» WORK TO COMPLETE: Beginning at the line containing "exameninformatie massageschool", repeat each line below exactly up to and including the line containing "blood moon january". Do not repeat the pictures.

» INFORMATION:
● ● ● ● ● ● ●

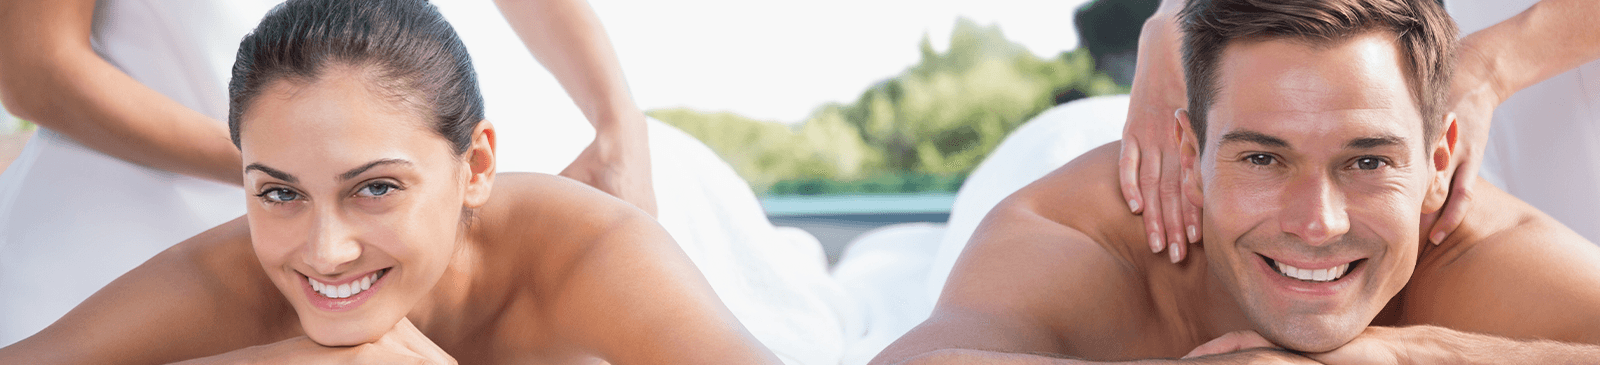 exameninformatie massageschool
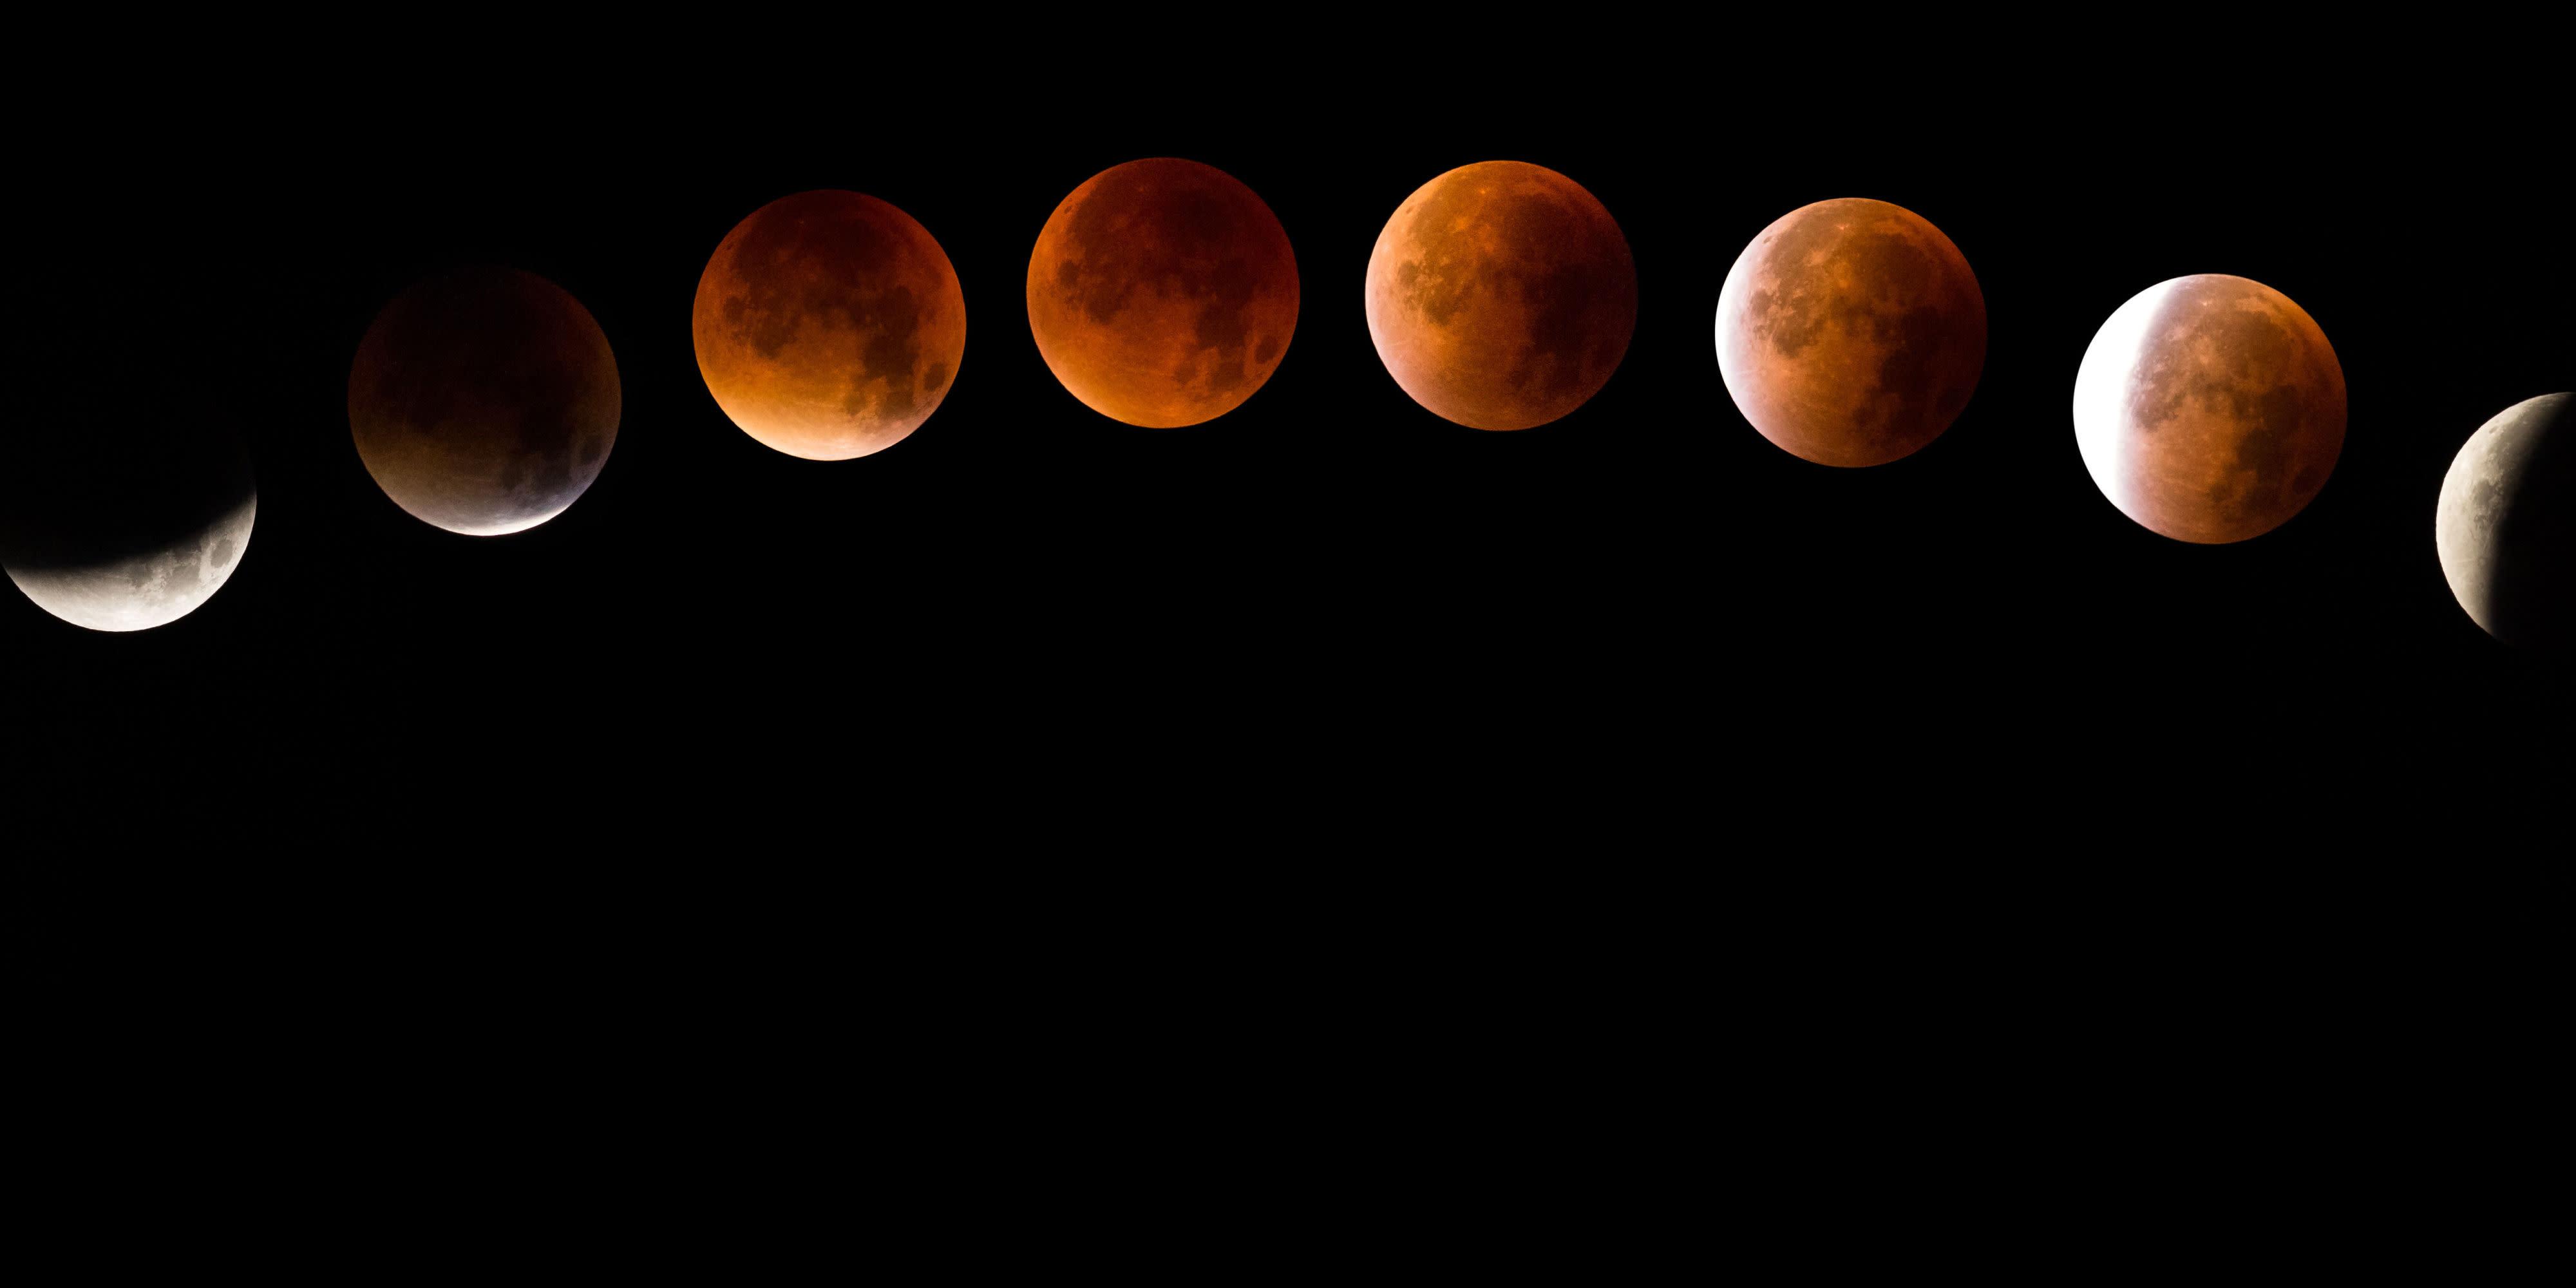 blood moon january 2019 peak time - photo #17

● ● ● ● ● ● ●

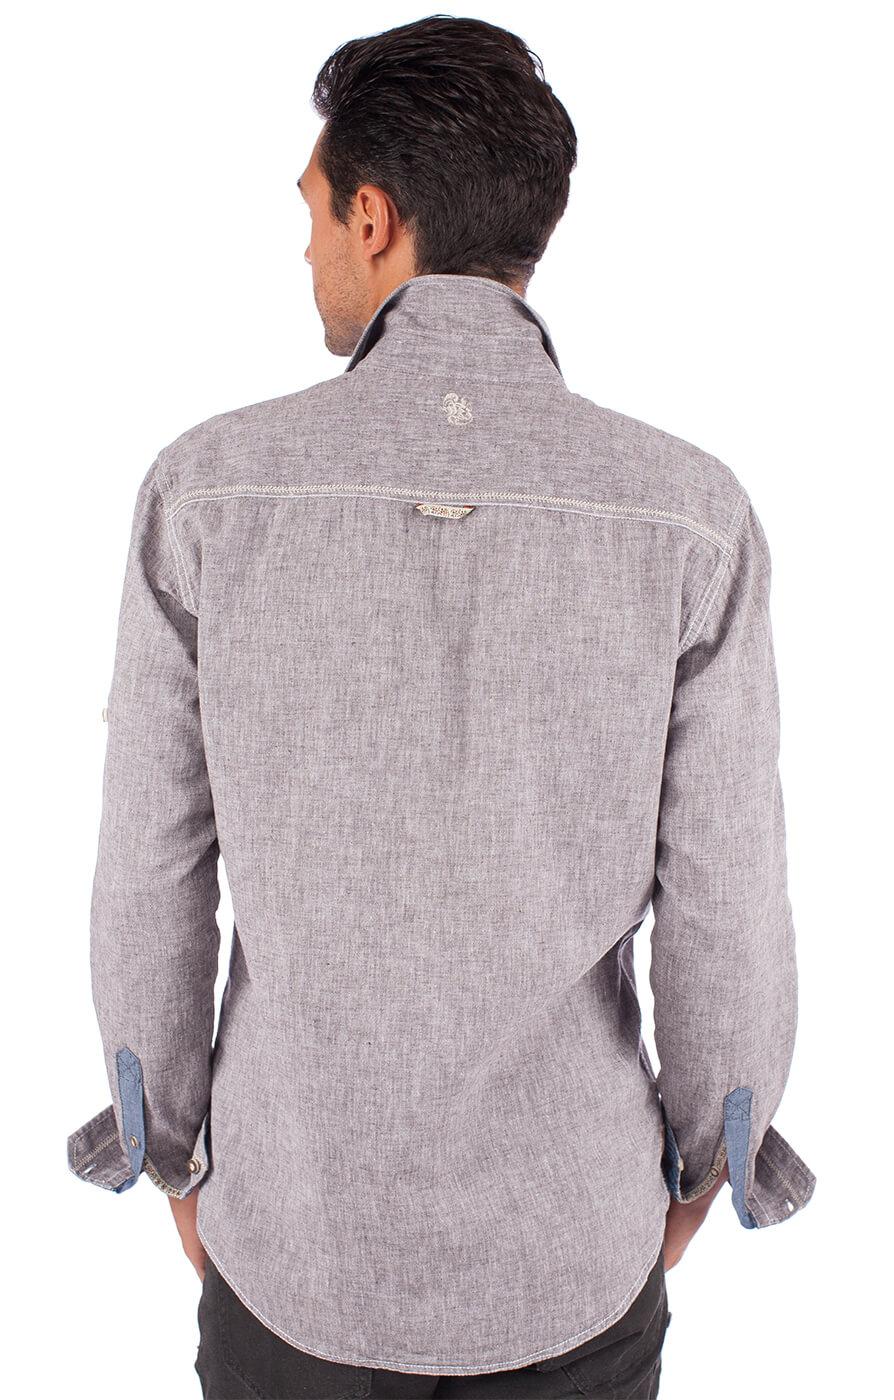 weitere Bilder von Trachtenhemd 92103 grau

● ● ● ● ● ● ●

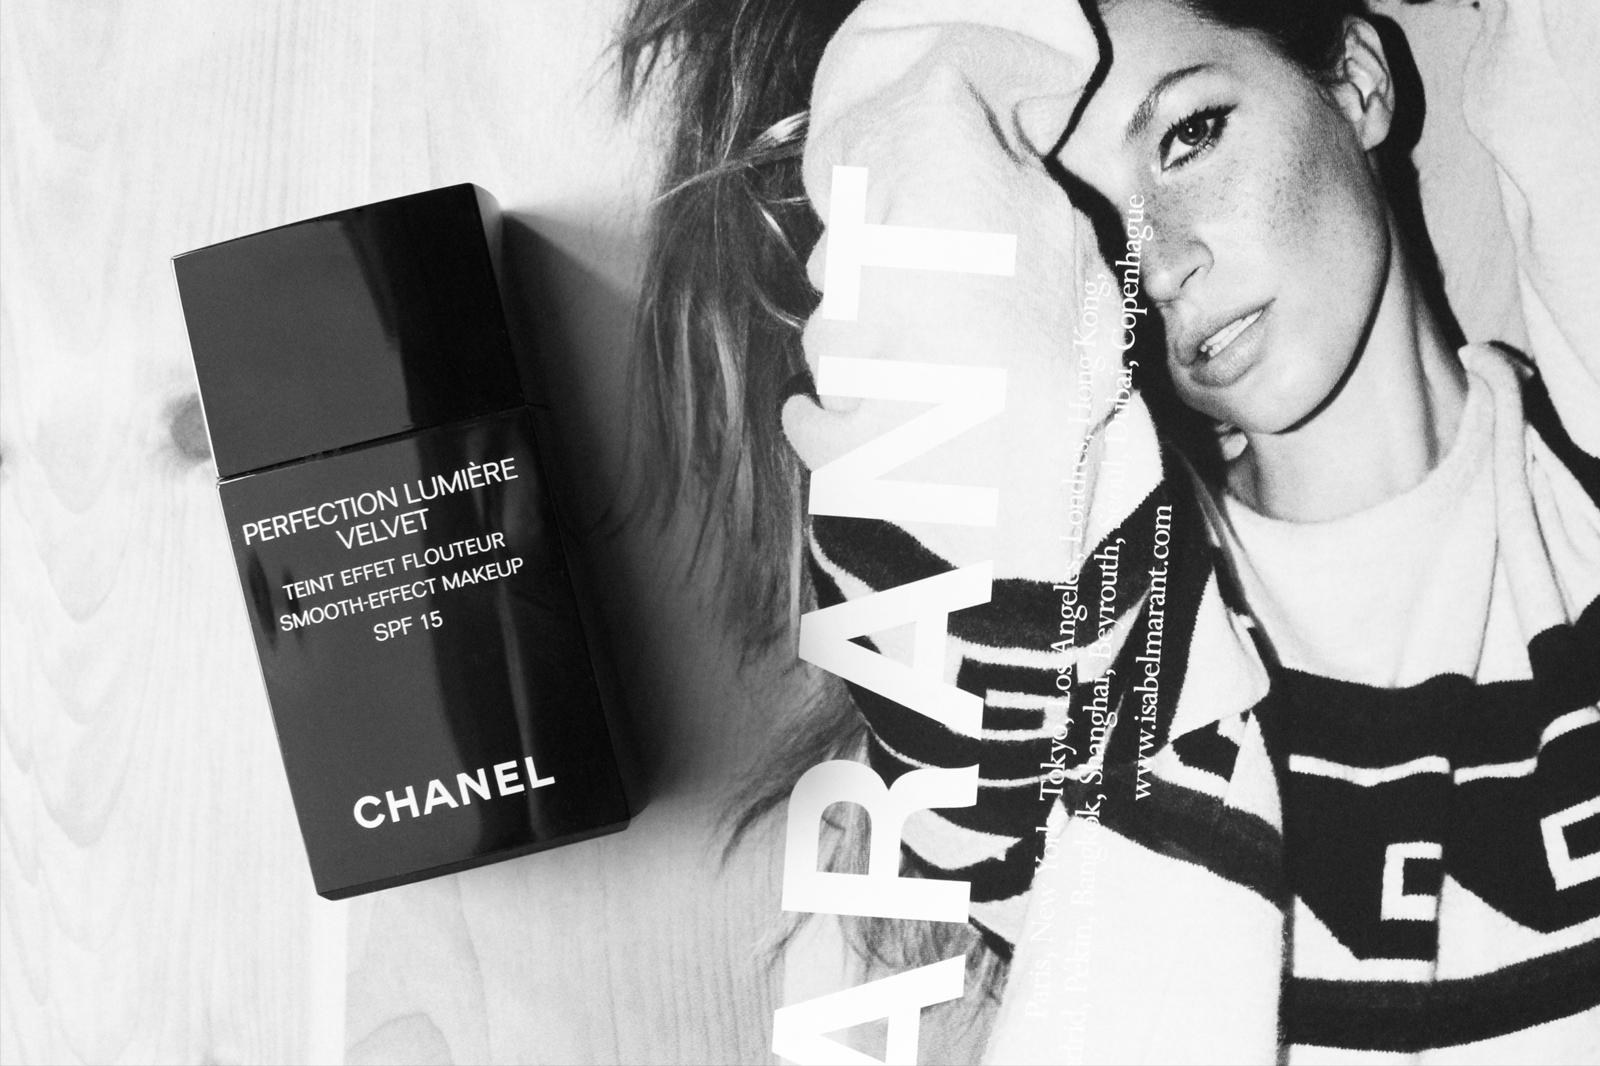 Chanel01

● ● ● ● ● ● ●

» REPLY:
 exameninformatie massageschool
 blood moon january 2019 peak time - photo #17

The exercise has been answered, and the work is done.